The Ecology of Commerce Paul Hawken, Weidenfeld & Nicholson, London, 1993, xvi + 259 pages

Many books about the future disappoint because they are founded on inadequate assumptions and fail to grasp the depth and breadth of their subject. However, The Ecology of Commerce calls the bluff of the anodyne views of conventional business management, forecasting and strategy. In this book Hawken has gone a long way beyond conventional and anodyne views by outlining the essentials of what he terms ‘a restorative economy’. It is a powerful and radical concept. He is quite clear about why this is necessary, quite simply: ‘every living system on Earth is in decline.’ (P. xii) Hence, ‘business as we know it is over. ‘Over’ because it failed in one critical and thoughtless way: it did not honour the myriad forms of life that secure and connect its own breath and skin and heart to the breath and skin and heart of our earth.’ (P. 6)

At first sight this seems like familiar conservationist rhetoric.
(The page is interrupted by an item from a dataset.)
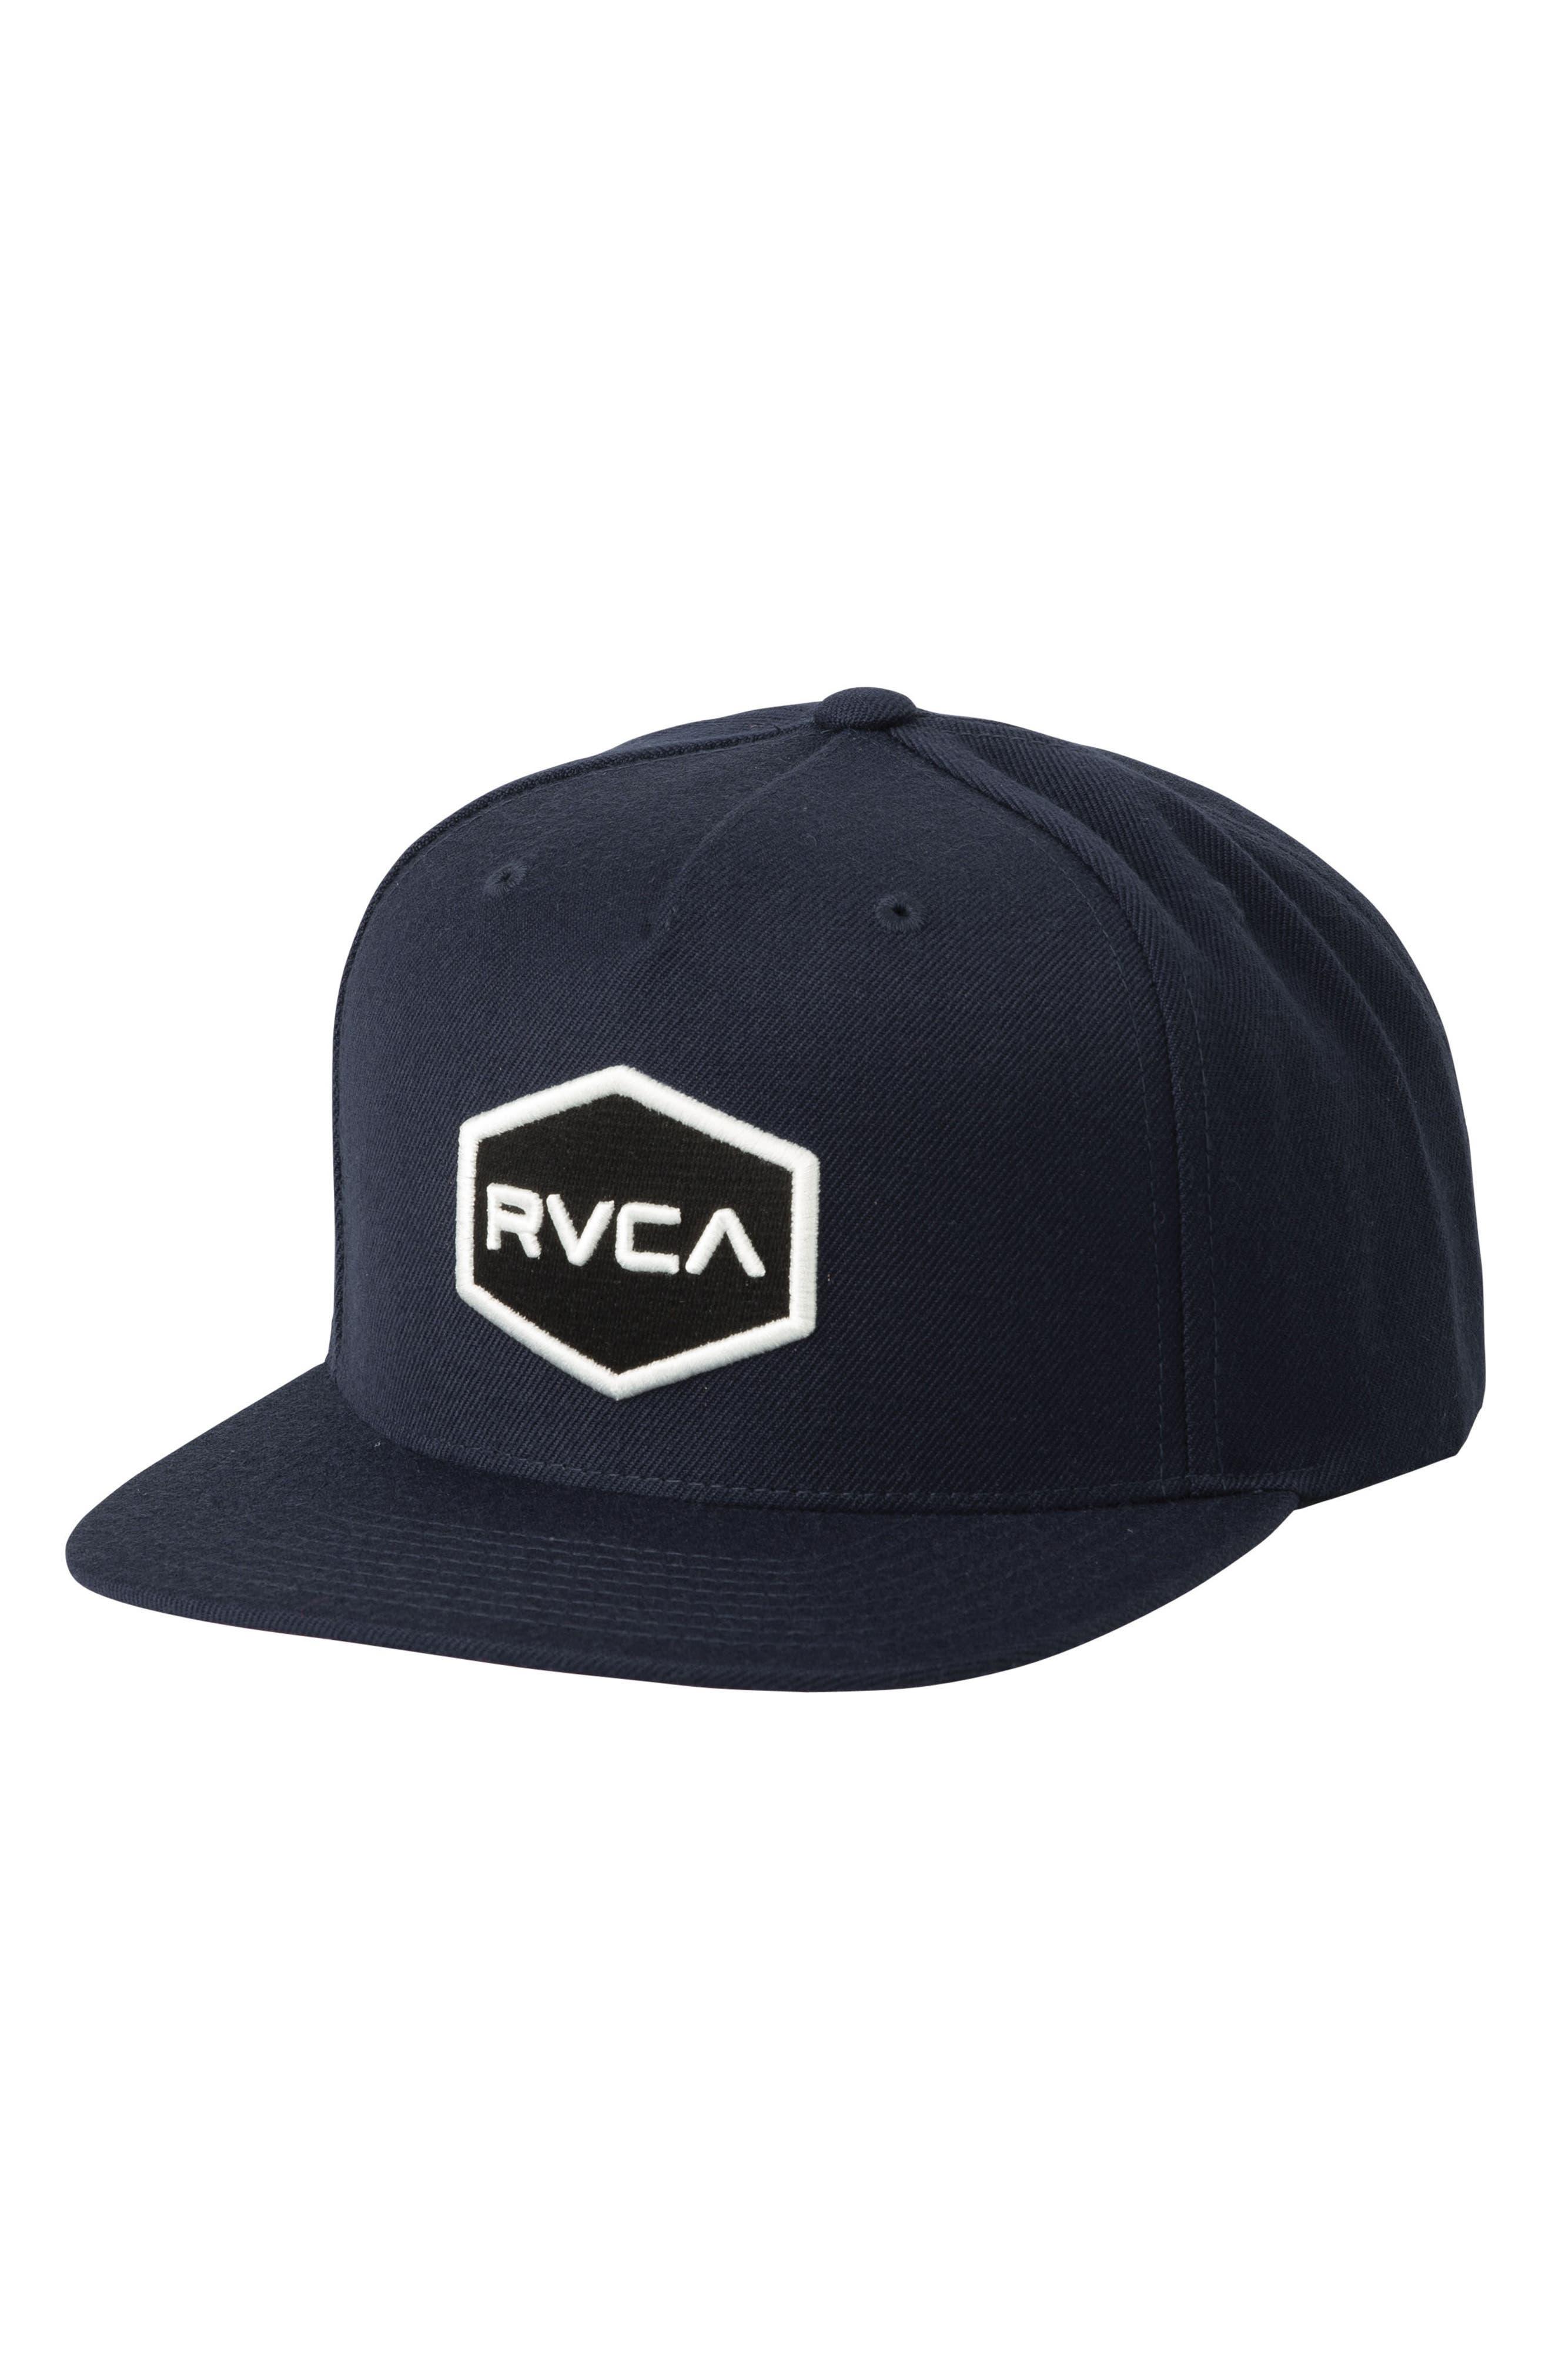 RVCA Commonwealth Snapback Baseball Cap

However, one of the many strengths of this book is that Hawken is a successful businessman: hence the sub-title of the book is ‘How Business Can Save the Planet’. He understands business – but he also knows that its industrial-era priorities and practices are doomed. He is quite clear that ‘the economics of restoration is the opposite of industrialisation.’ (P 11) Hence, ‘what is required is a total redesign of what it means to be in business at the latter stages of the twentieth century, when science can tell us clearly and without doubt that our present course of action is extinguishing life on earth’. (P. 58)
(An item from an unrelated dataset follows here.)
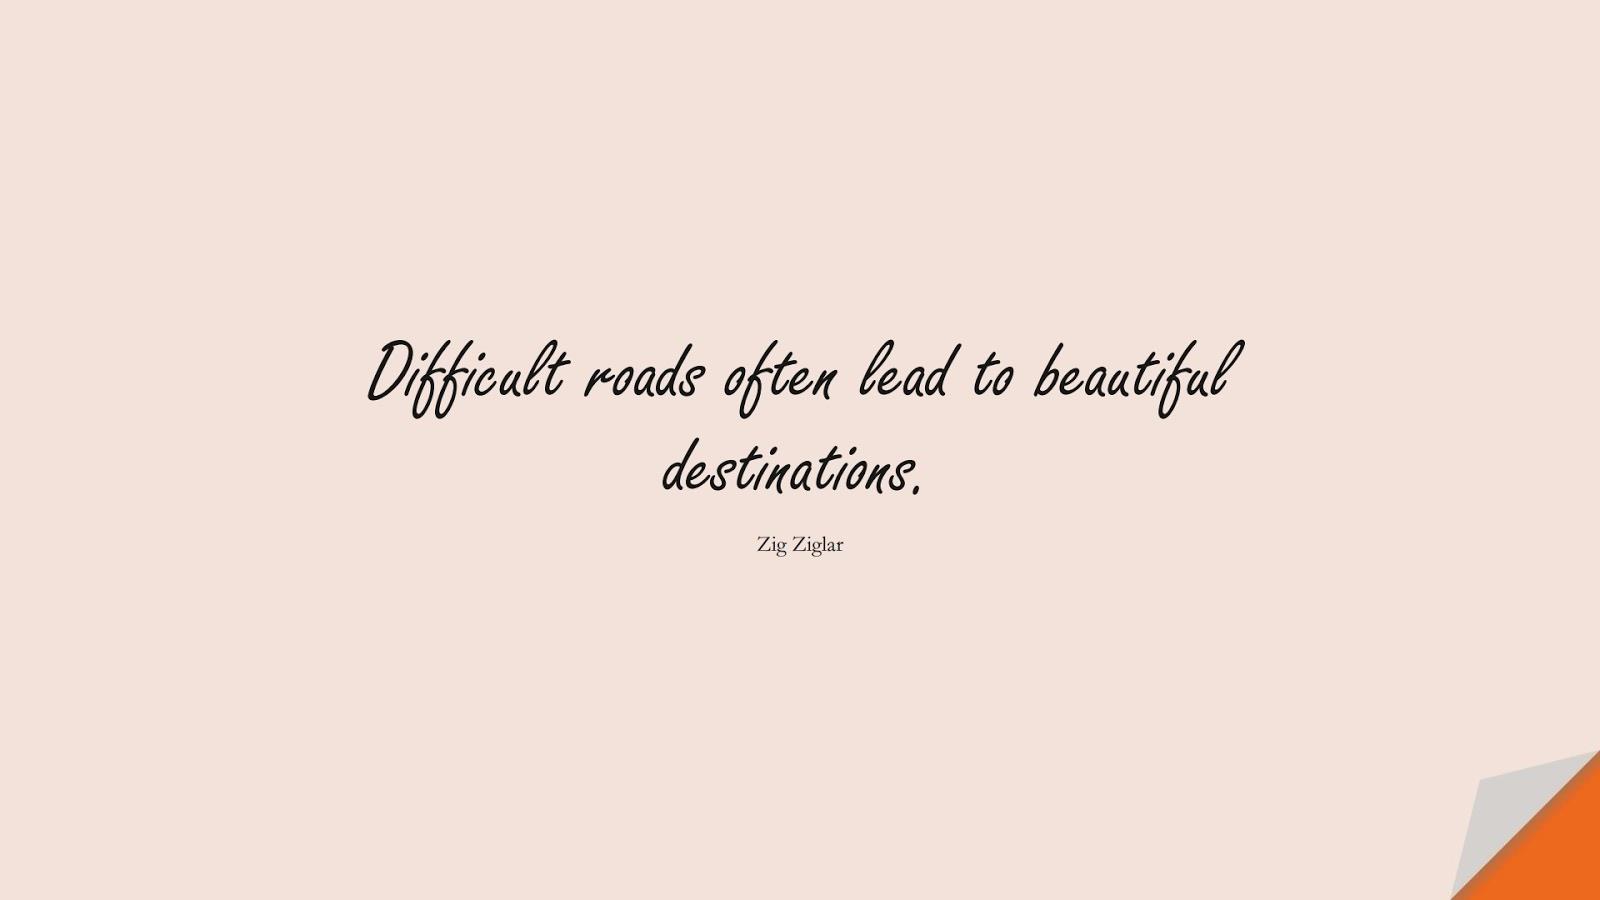 Difficult roads often lead to beautiful destinations. (Zig Ziglar);  #PositiveQuotes

No single book could possibly hope to revise a system as powerfully ramified and embedded as the current business and economy complex now is. However, what Hawken has done is to provide an admirable rationale for so doing and some potent conceptual starting points and principles. For example, he suggests that ‘the restorative economy comes down to this: we need to imagine a prosperous commercial cultures that is so intelligently designed and constructed that it mimics nature at every step, a symbiosis of company and customer and ecology.’ (p. 15) Such an economy ‘tries to achieve a market in which every transaction provides constructive feedback into the commons.’ The final chapter, with its evocative title – The Inestimable Gift of a Future – is impressive. Here he outlines three approaches or guidelines for the creation of a restorative economy. First, ‘to obey the waste-equals-food principle and entirely eliminate waste from our industrial production’. Second, ‘to change from an economy based on carbon to one based on hydrogen and sunshine’. Third, ‘we must create systems of feedback and accountability that support and strengthen restorative behaviour’. (P. 209)

It is impossible to convey the power and insight of this book in a few selected quotes. But it is certainly one of the most heartening and useful books published in recent years. It clearly demonstrates the value of cultural critique in relation to the forward view. As such it is also a powerful demonstration of applied futures scholarship.

Published in Futures 28, 1, 1996, p. 93.